The 1982 Falklands war was the last act of gung-ho British imperialism, a conflict against a corrupt and failing Argentine regime itself seeking its own quick route to regaining public popularity.
For Britain, it made the previously unpopular Prime Minister Margaret Thatcher unassailable, helping to unleas her neo-liberal revolution and attack on the state which some say has fatally undermined the social fabric of our society.
Not that these are the main reflections of Minefield. In many ways, this is an extraordinary piece of theatre. The cast of six consist of six actual war veterans, three each from the UK and Argentina.
Reunited in a theatre space rather than a battlefield 36 years on, and using films and photos projected onto a giant curved backdrop behind a wedge of staging, the six evoke the war with its often harrowing conditions and demands, but also the aftermath, what it has done to them and others, even down to its effect rehearsing and staging the play.
This is not the war of generals, politicians or famous figures, but the war writ in small detail and often more effective for that. Nor is it six men sat on chairs reflecting. Lola Arias (who writes and directs) invests it all with a fluid theatricality. As do the six actors, Lou Armour, David Jackson, Ruben Otero, Sukrim Rai, Gabriel Sagastume and Marcelo Vallejo.These six are credited with "creating and performing". The stage is always busy, the men’s words reinforced by visuals, movement, music. They even form a four-piece rock band in some sections.

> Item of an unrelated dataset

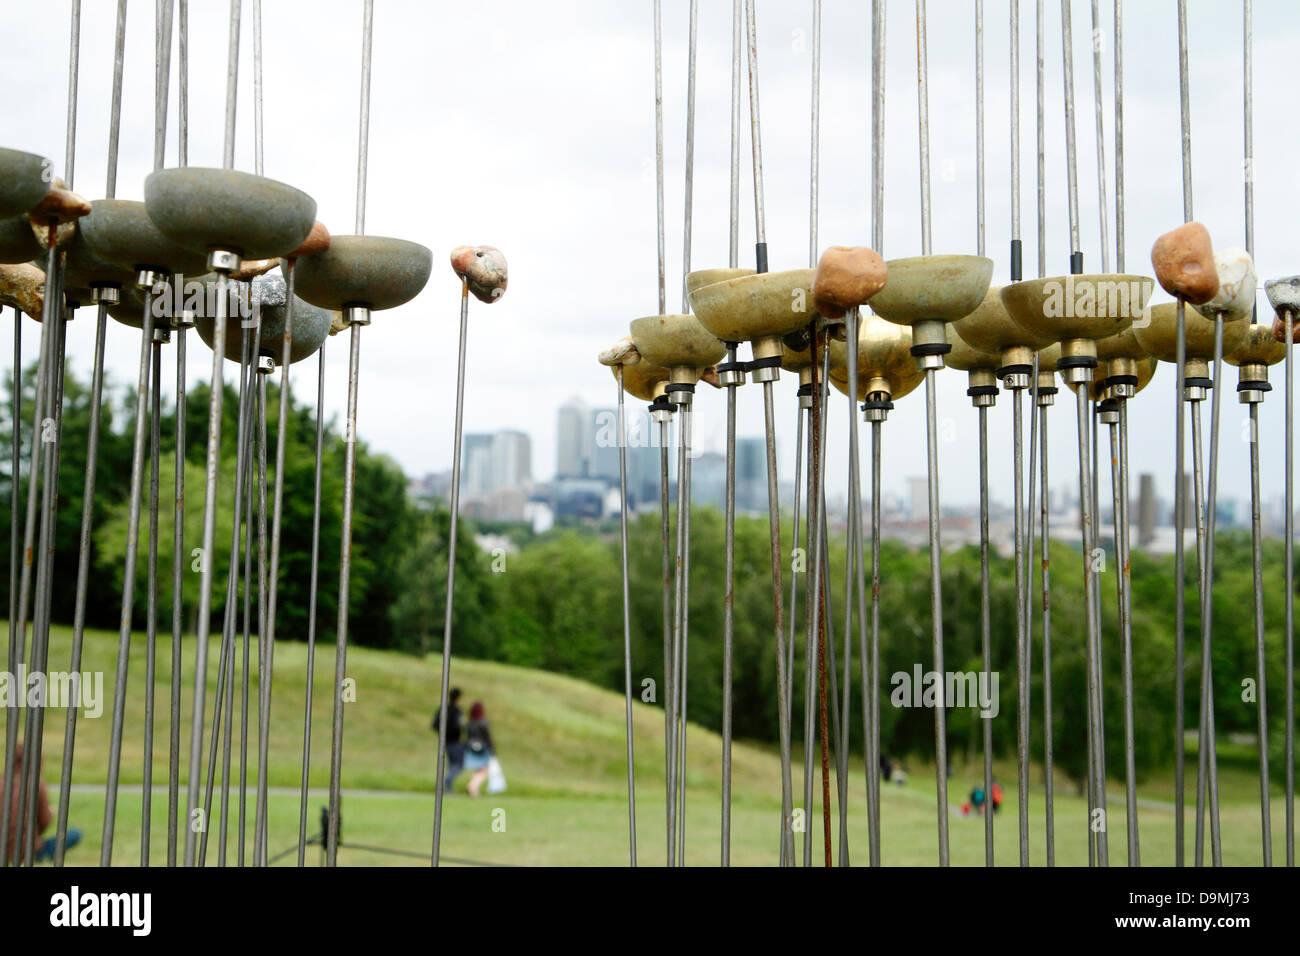 """'Sonic Reed Betten""""von Kathy Hinde, einer der neun Wind angetrieben Klanginstallationen, aus denen sich Stockbild"""

Startling facts emerge; for the UK, suicides accounted for more deaths than did combat. UK troops were told their first landing could see one in three killed. Neither side clearly was in best position to fight a major conflict. Argentinian troops especially seemed dispirited and badly organised.
As if to emphasise the production’s two-nation philosophy, words are spoken by each side in their own language, projected in either English or Spanish surtitles (slightly small—I was forced to squint).
Two of the actors, wearing cartoonish rubbery masks, act out for the cameras extracts from Thatcher and Galtieri’s speeches, but overall this piece does not belong to the bigwigs.
It is great historical events put under a real microscope; not merely depersonalised case studies, but the participants stood before us, soldiers become actors, life and art becoming one. It is not just what war does to us in the moment of conflict but the longer term. These are not sleekly polished actors from RADA, but neither are they awkward amateurs. The production grants the six licence to speak to us with authenticity and sincerity.
But that’s not enough up on that stage. You also need professionalism. And they have developed that. So that we know they were actually there. But they are also able to involve us by using real theatre skills as well as sincerity.
Nor is the production po-faced. There’s humour, and we even get a quick blast from a Tony Hancock show.
Some parts don’t work. A transgender soldier for some reason acts out a striptease which serves no purpose. The piece is never quite sure when to finish and is maybe 10 minutes too long.
Having said which, the final song from the group’s rock band is titled "Have You Ever Been to War?". Its punchy, in-yer-face evocation of war’s stark reality from those who have experienced it to those who haven’t makes us shift slightly uneasily in our comfortable liberal seats.